Adding 80kg of purified water into a reaction kettle, stirring, adding 2.92kg of sodium hydroxide while stirring to completely dissolve the sodium hydroxide to obtain 3.6 wt% sodium hydroxide solution, adding 10.4kg of o-chlorothiophenol, and stirring at room temperature for 30 min; adding 6.66kg of chloropropanone under stirring, stirring again for reacting for 60min, standing after the reaction is finished, and layering into water layer and oil layer. Then, 21.36kg of ether was added to extract the aqueous layer, and the mixture was washed with water 3 times. The ether layer was collected by layering, combined with the oil layer and distilled under reduced pressure, ether was recovered to obtain 12.14kg of o-chlorobenzenethiol.

(2) Preparation of 3-methyl-7-chlorobenzo [ b ] thiophene

Adding 121.4kg of polyphosphoric acid into the reaction kettle A, stirring, adding 12.14kg of o-chlorothiophenyl acetone, heating to 120 ℃, preserving the temperature for 5 hours, and controlling the temperature to be 120-140 ℃. And adding water into the other reaction kettle B, and cooling for later use. Discharging the reaction liquid in the reaction kettle A, and slowly adding the reaction liquid into the other reaction kettle B for dilution. Adding 86.20kg of ether for extraction, standing for layering, and taking an ether layer. Washing the ether layer with water, concentrating, and distilling under reduced pressure; collecting 135-137 deg.C/10 mmHg fraction to obtain 16.72kg of 3-methyl-7-chlorobenzo [ b ] thiophene.

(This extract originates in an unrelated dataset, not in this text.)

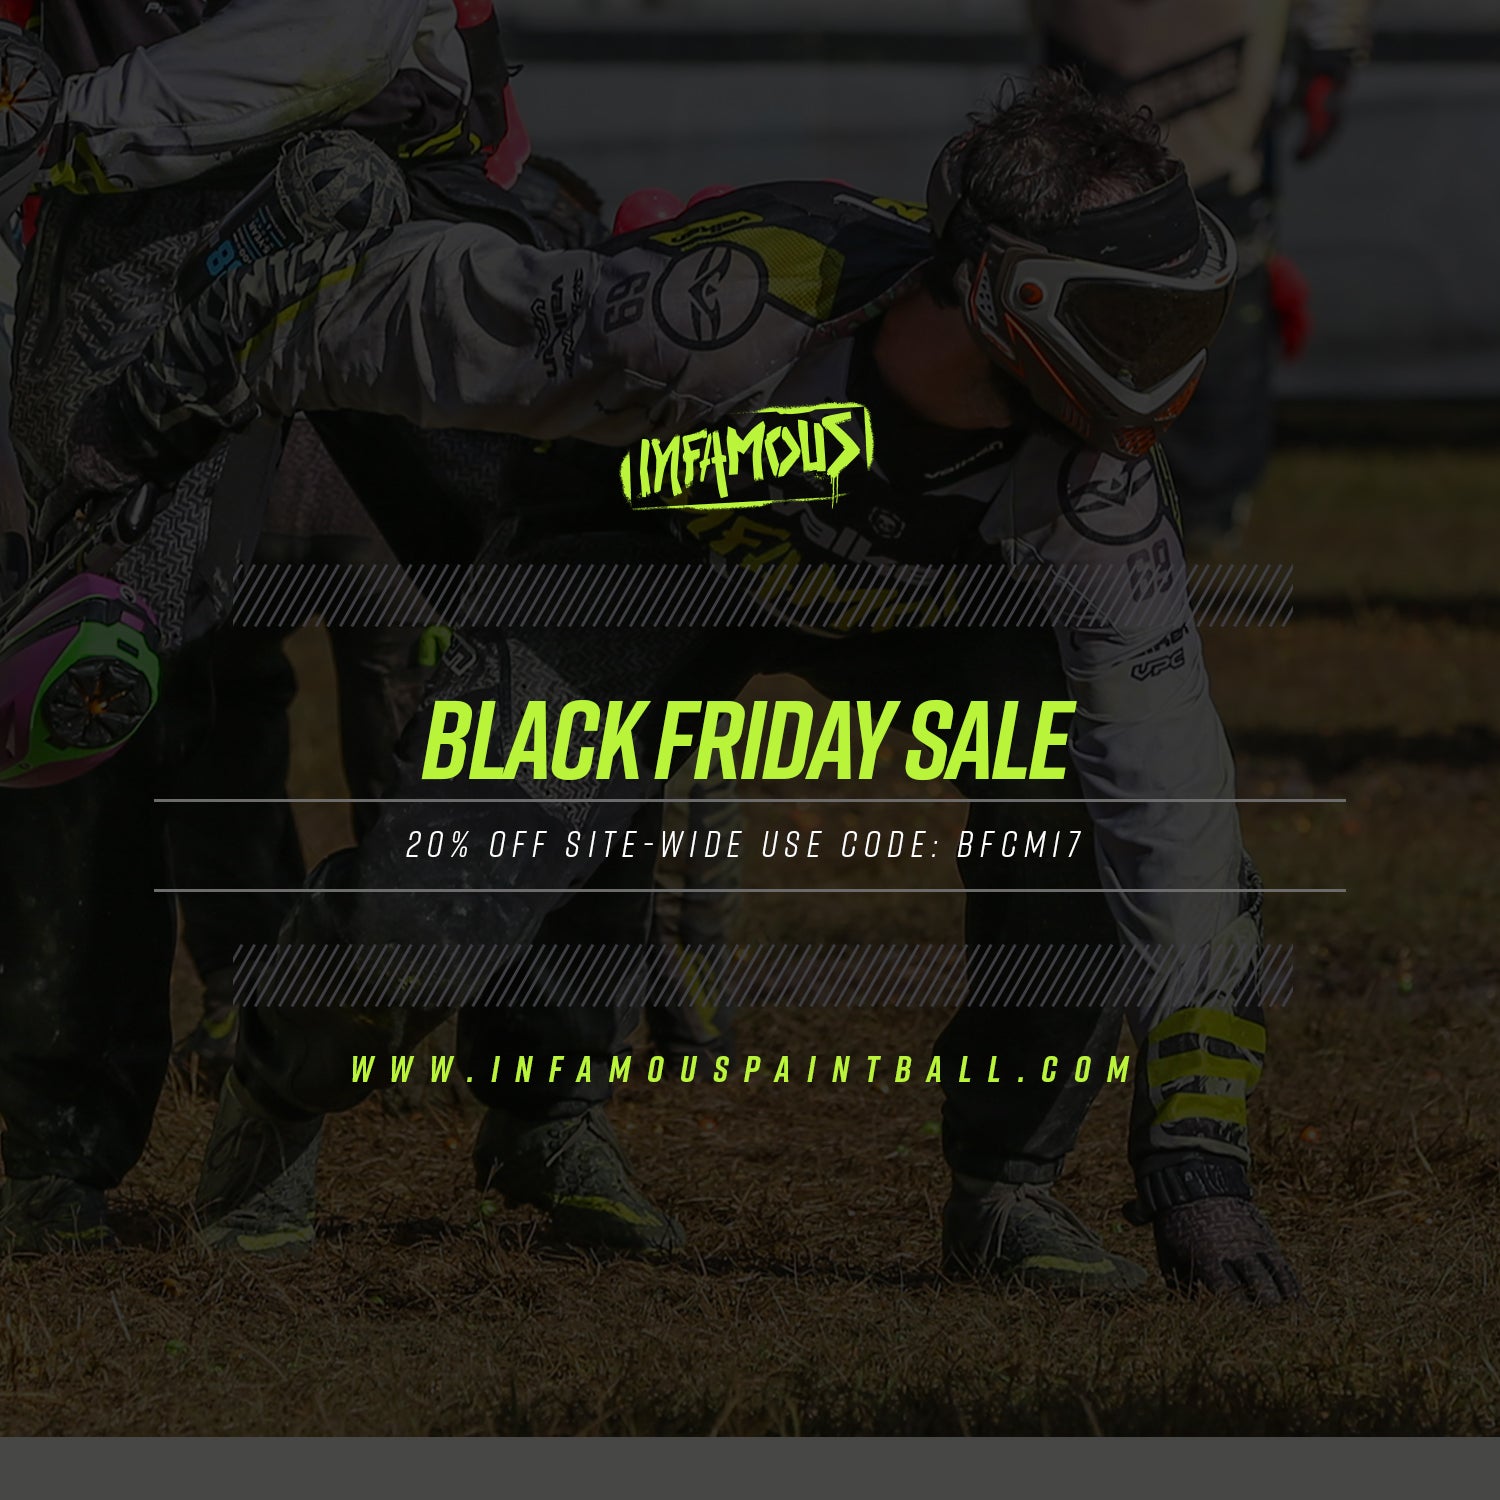 Black Friday Paintball Sales With Infamous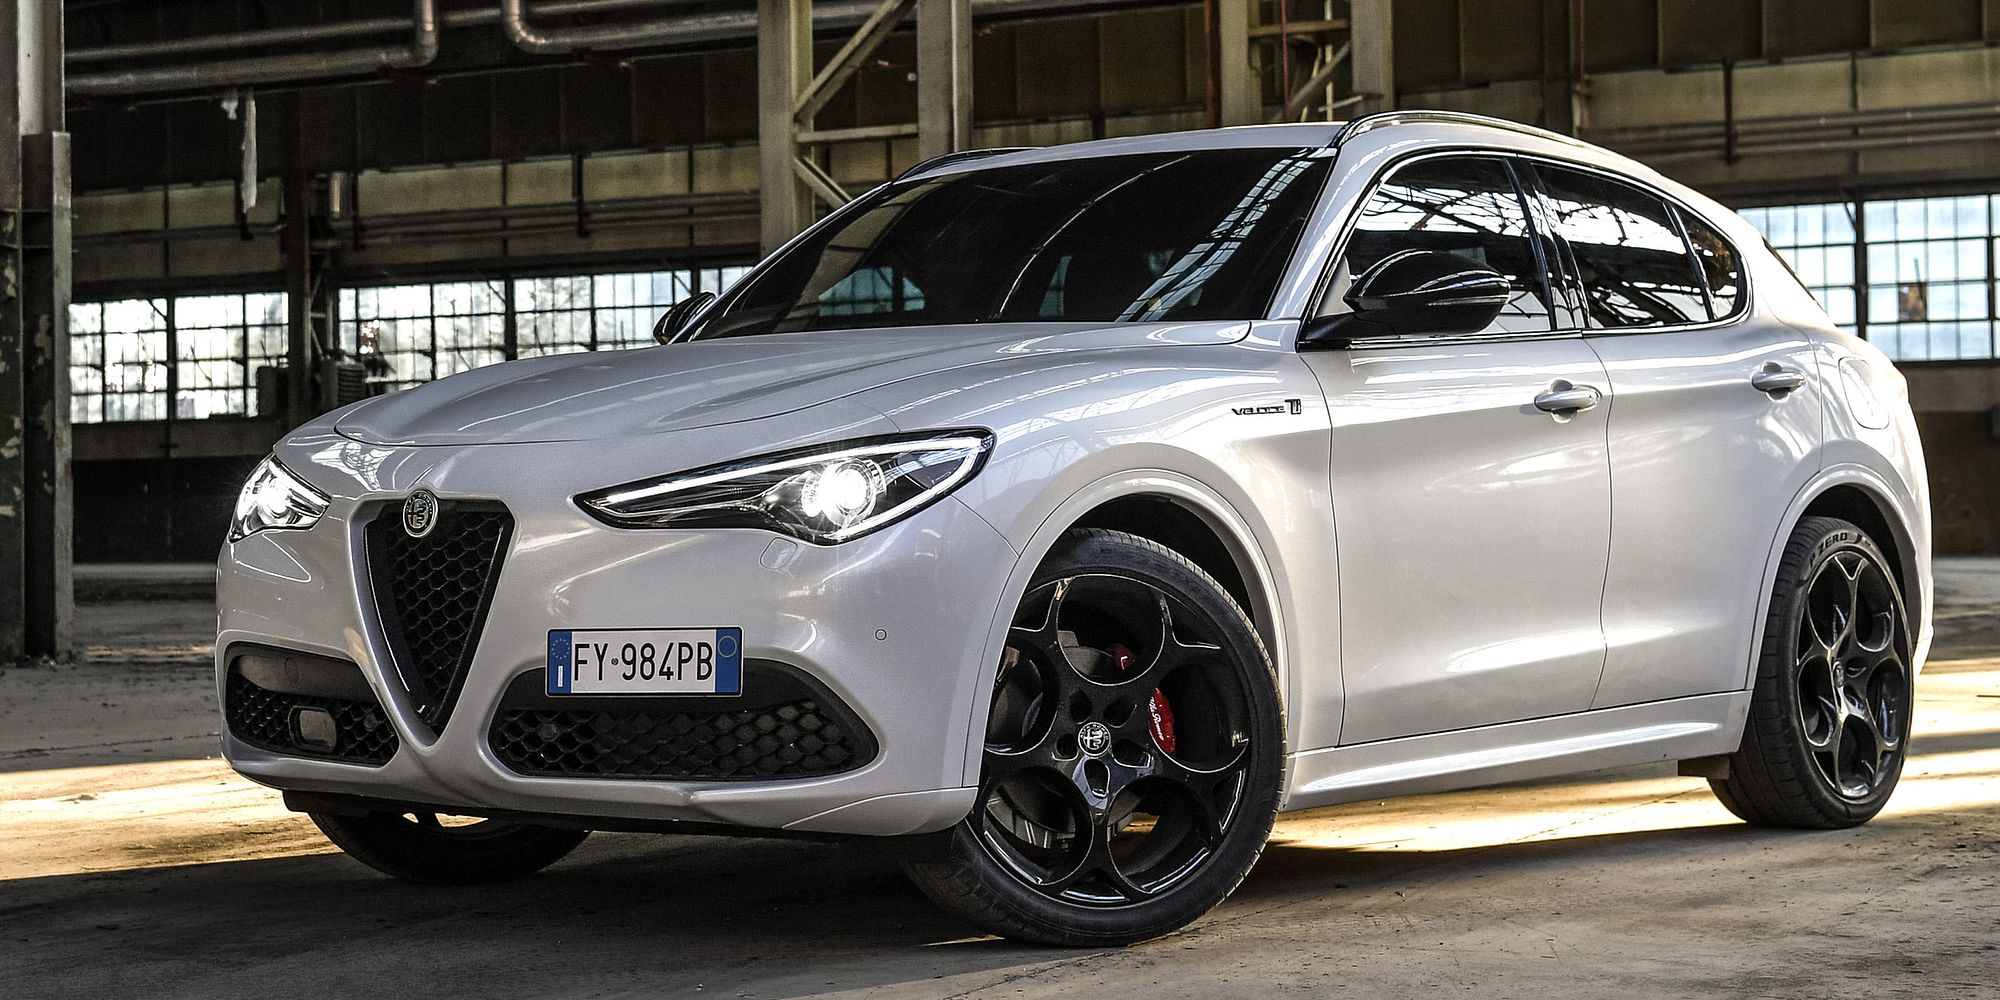 Front 3/4 view of the 2021 Stelvio in a warehouse

EXAMPLE 2 examination of bromination reaction solvent

The following procedure was conducted using 3-methyl-7-chlorobenzo [ b ] thiophene prepared in example 1 as a substrate, N-bromosuccinimide (NBS) as a brominating agent, and benzoyl peroxide as an initiator to examine the preparation of 3-bromomethyl-7-chlorobenzo [ b ] thiophene in the presence of various organic solvents as reaction solvents.

The specific preparation process is as follows:

adding solvent and 3-methyl-7-chlorobenzo [ b ] thiophene into a reaction bottle, irradiating by a 200W bulb, adding benzoyl peroxide while stirring, heating to boil, adding N-bromosuccinimide in batches, and continuously stirring for 4 hours while boiling.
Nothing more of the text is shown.